REQUIRED ACTION: Please reproduce all of the listing below exactly and drop its images.

DATA EXCERPT:
..........

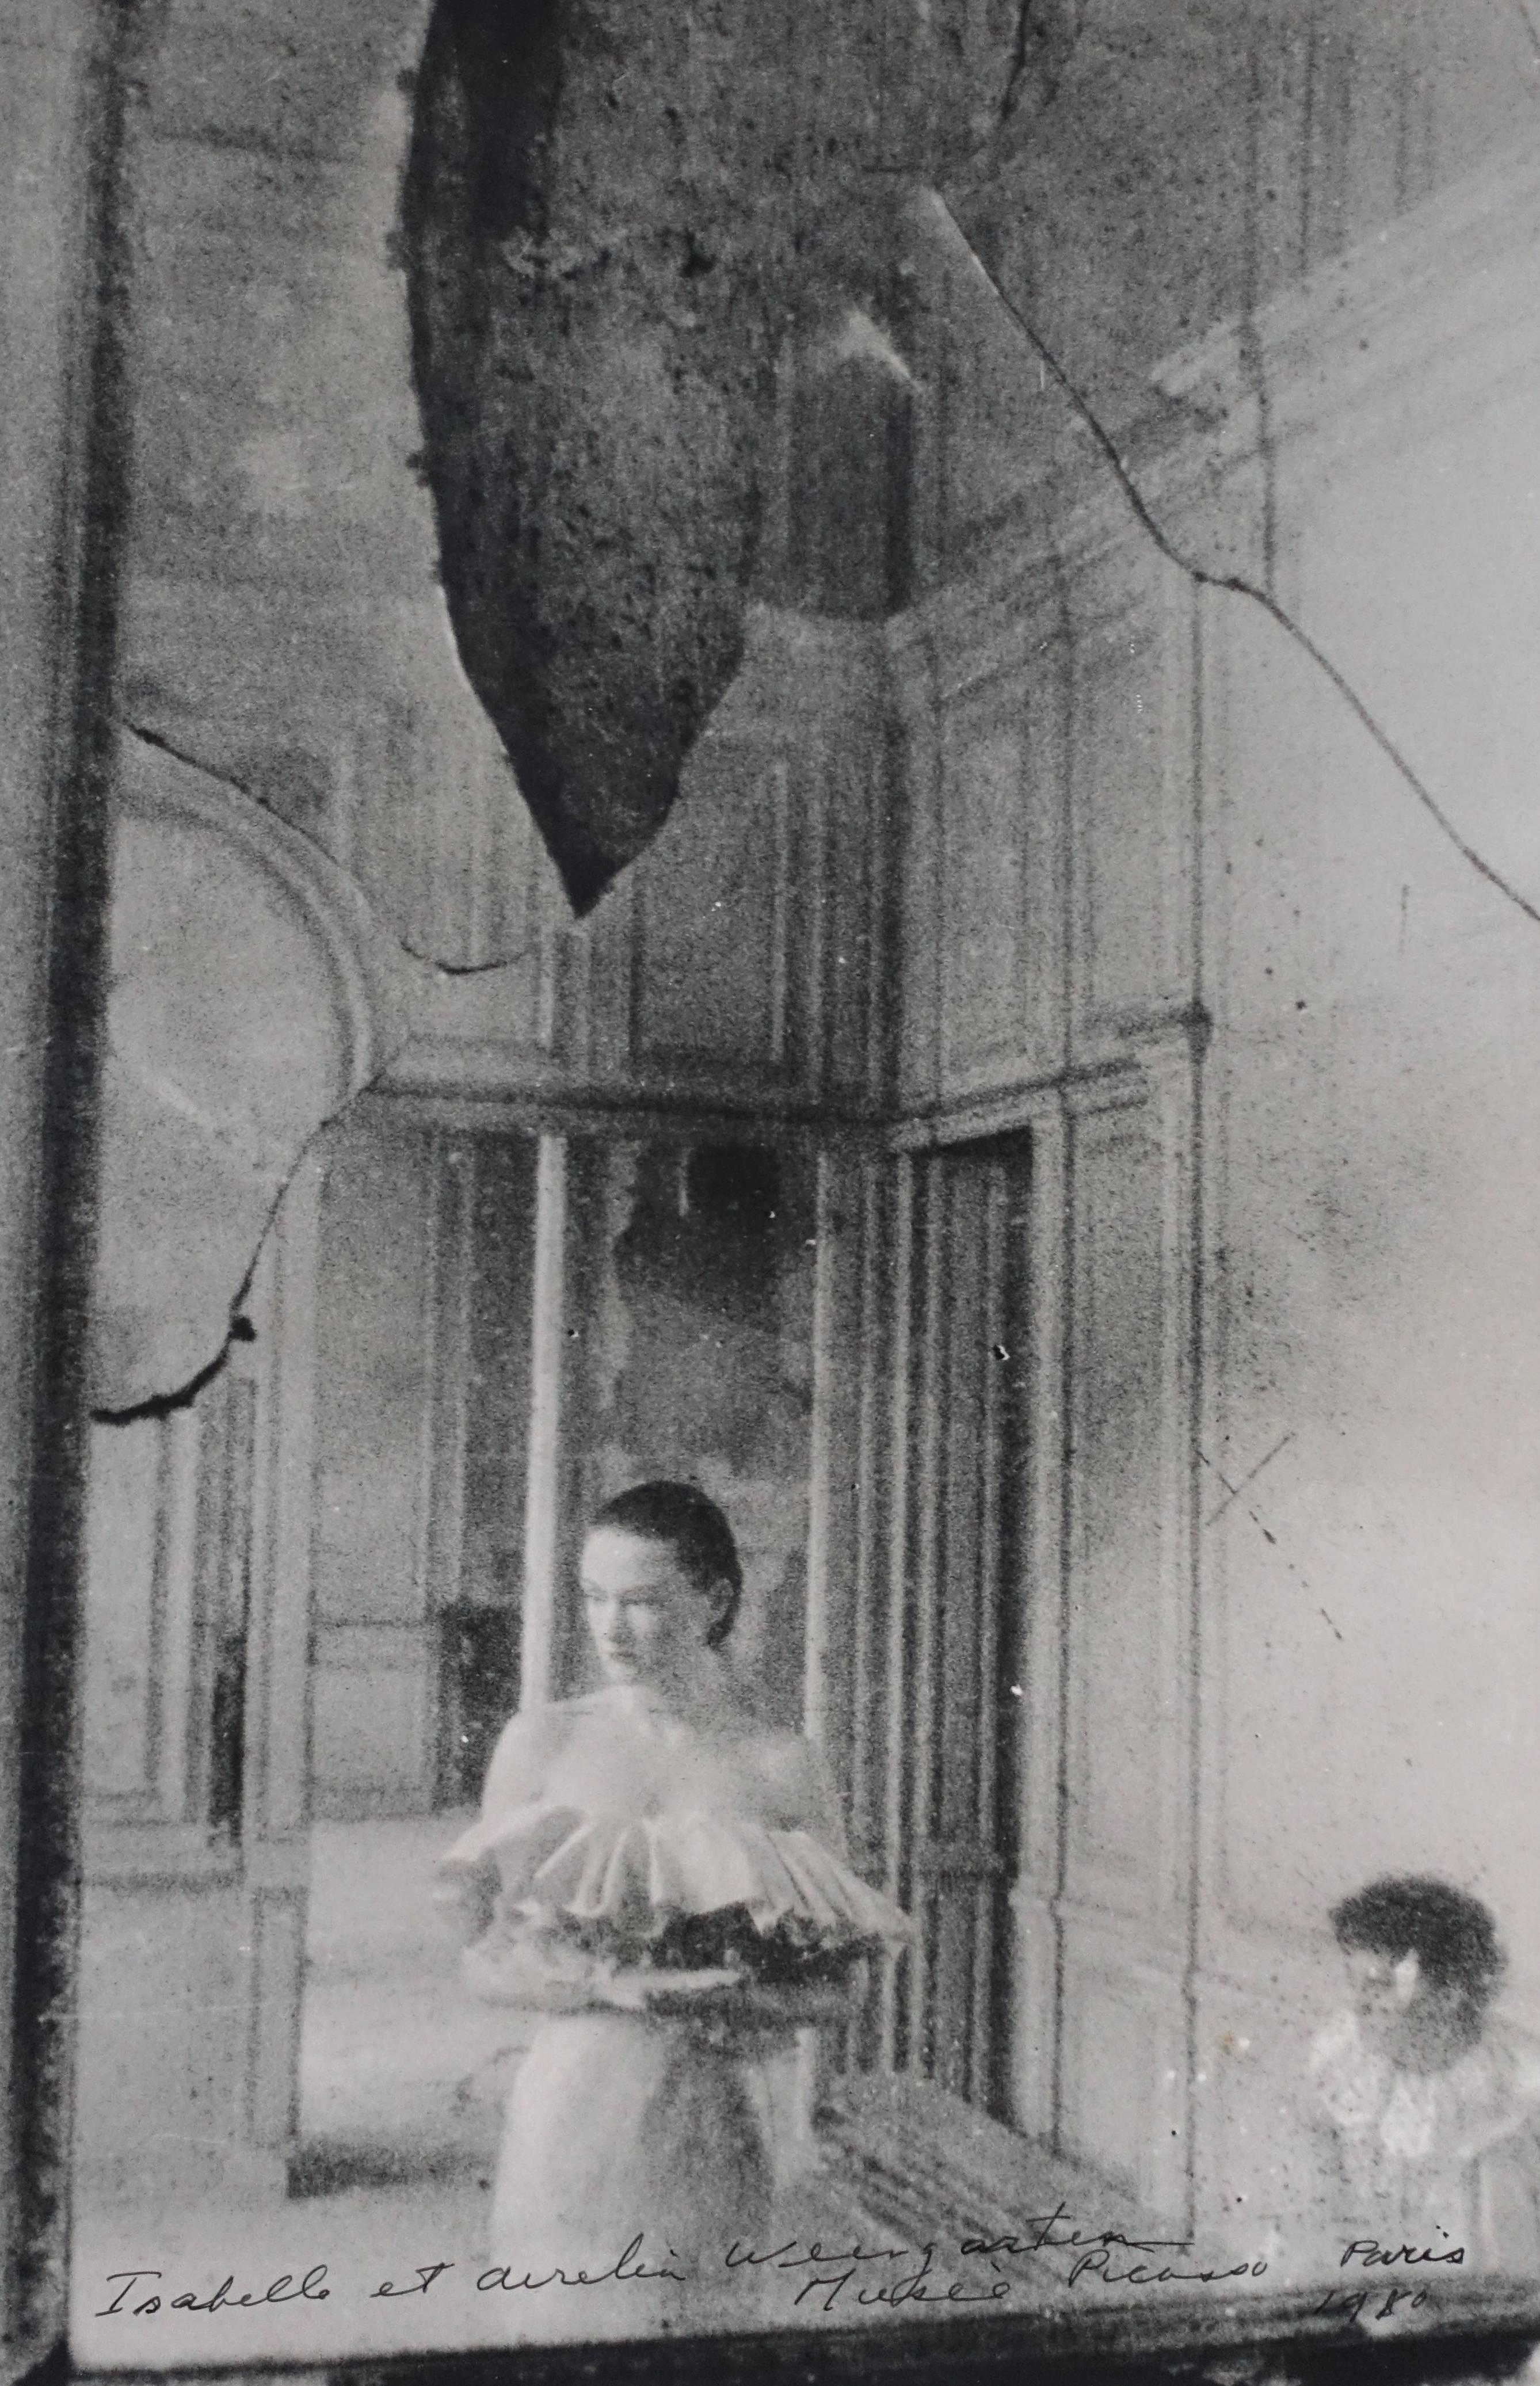 Deborah Turbeville Black and White Photograph - Isabelle et Aurelin, Weingarten Musée Picasso, Paris 1980
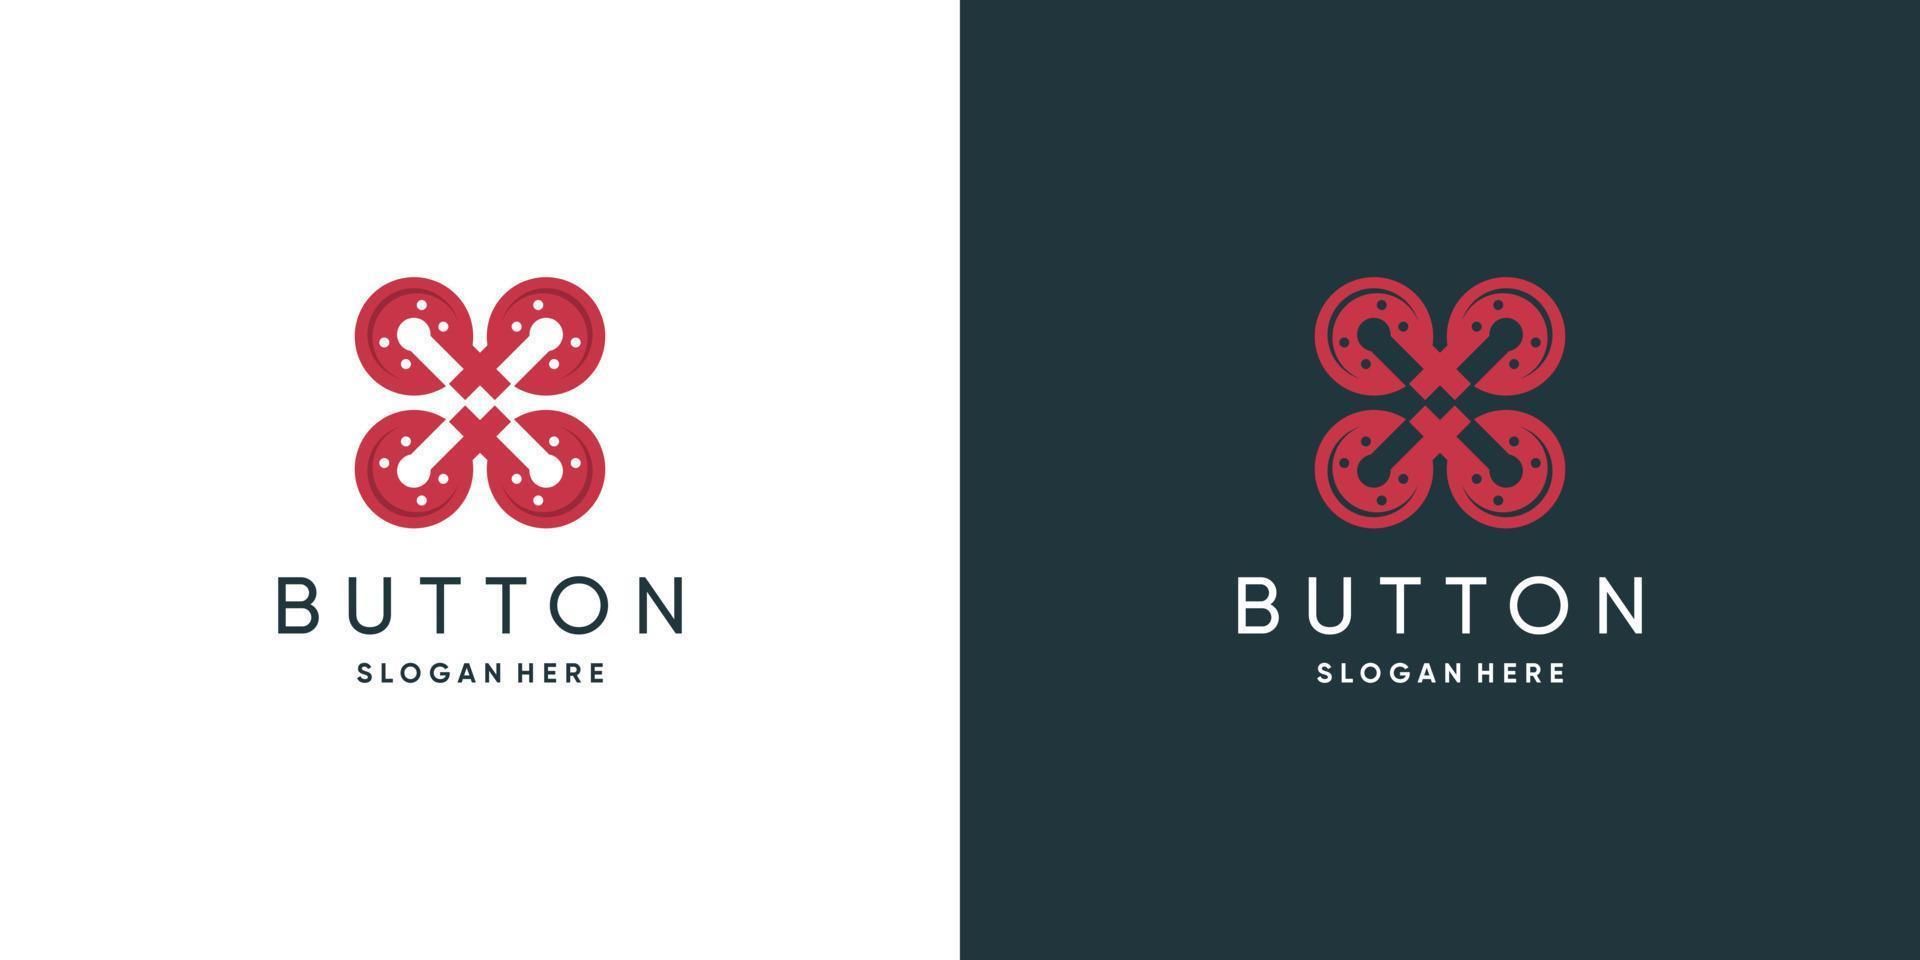 Fashion logo design with button concept idea vector
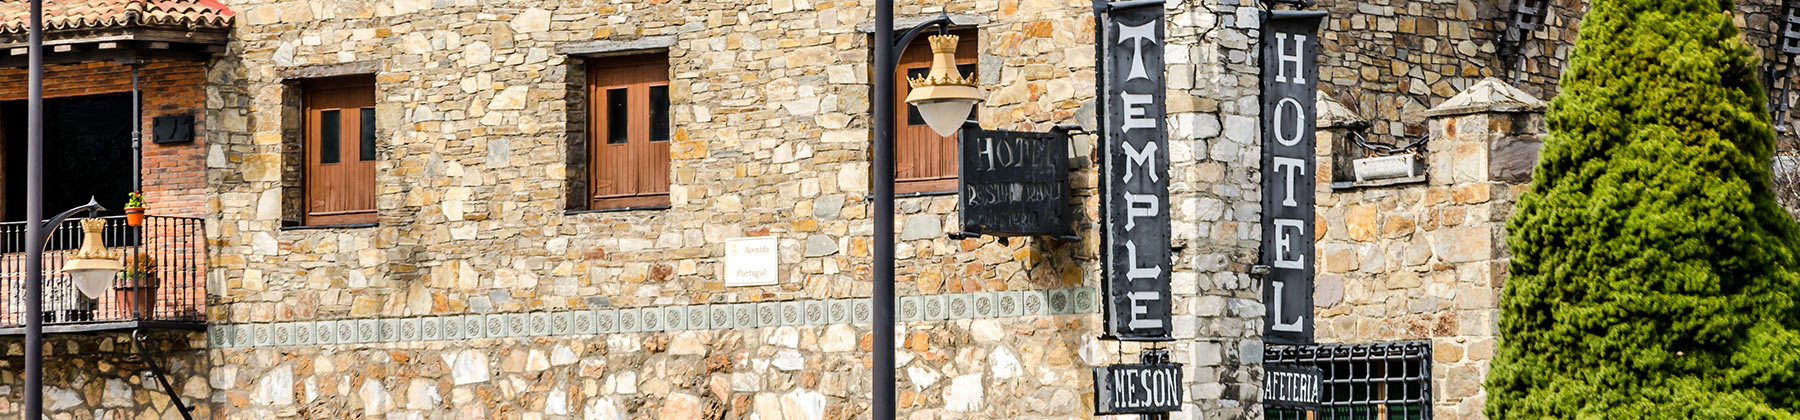 Hotel Temple Ponferrada  header
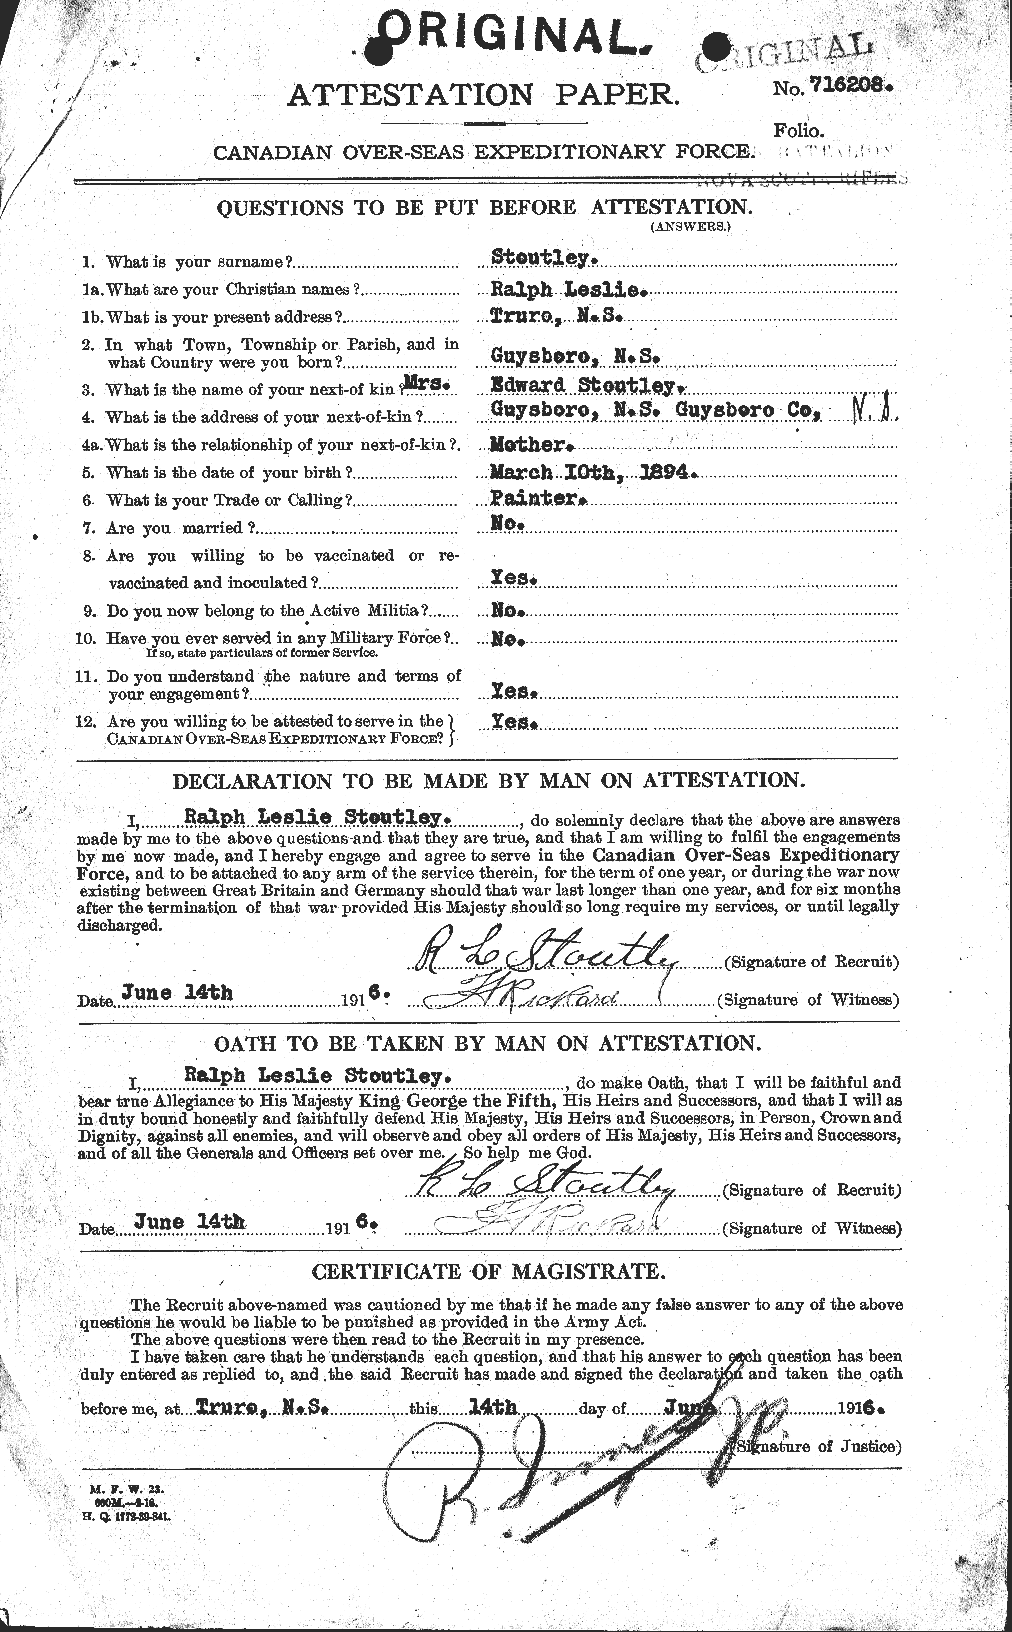 Dossiers du Personnel de la Première Guerre mondiale - CEC 122454a

..........

TASK RESPONSE:
 Deborah Turbeville Black and White Photograph - Isabelle et Aurelin, Weingarten Musée Picasso, Paris 1980
 Fashion logo design with button concept idea vector
 Hotel Temple Ponferrada  header
 Dossiers du Personnel de la Première Guerre mondiale - CEC 122454a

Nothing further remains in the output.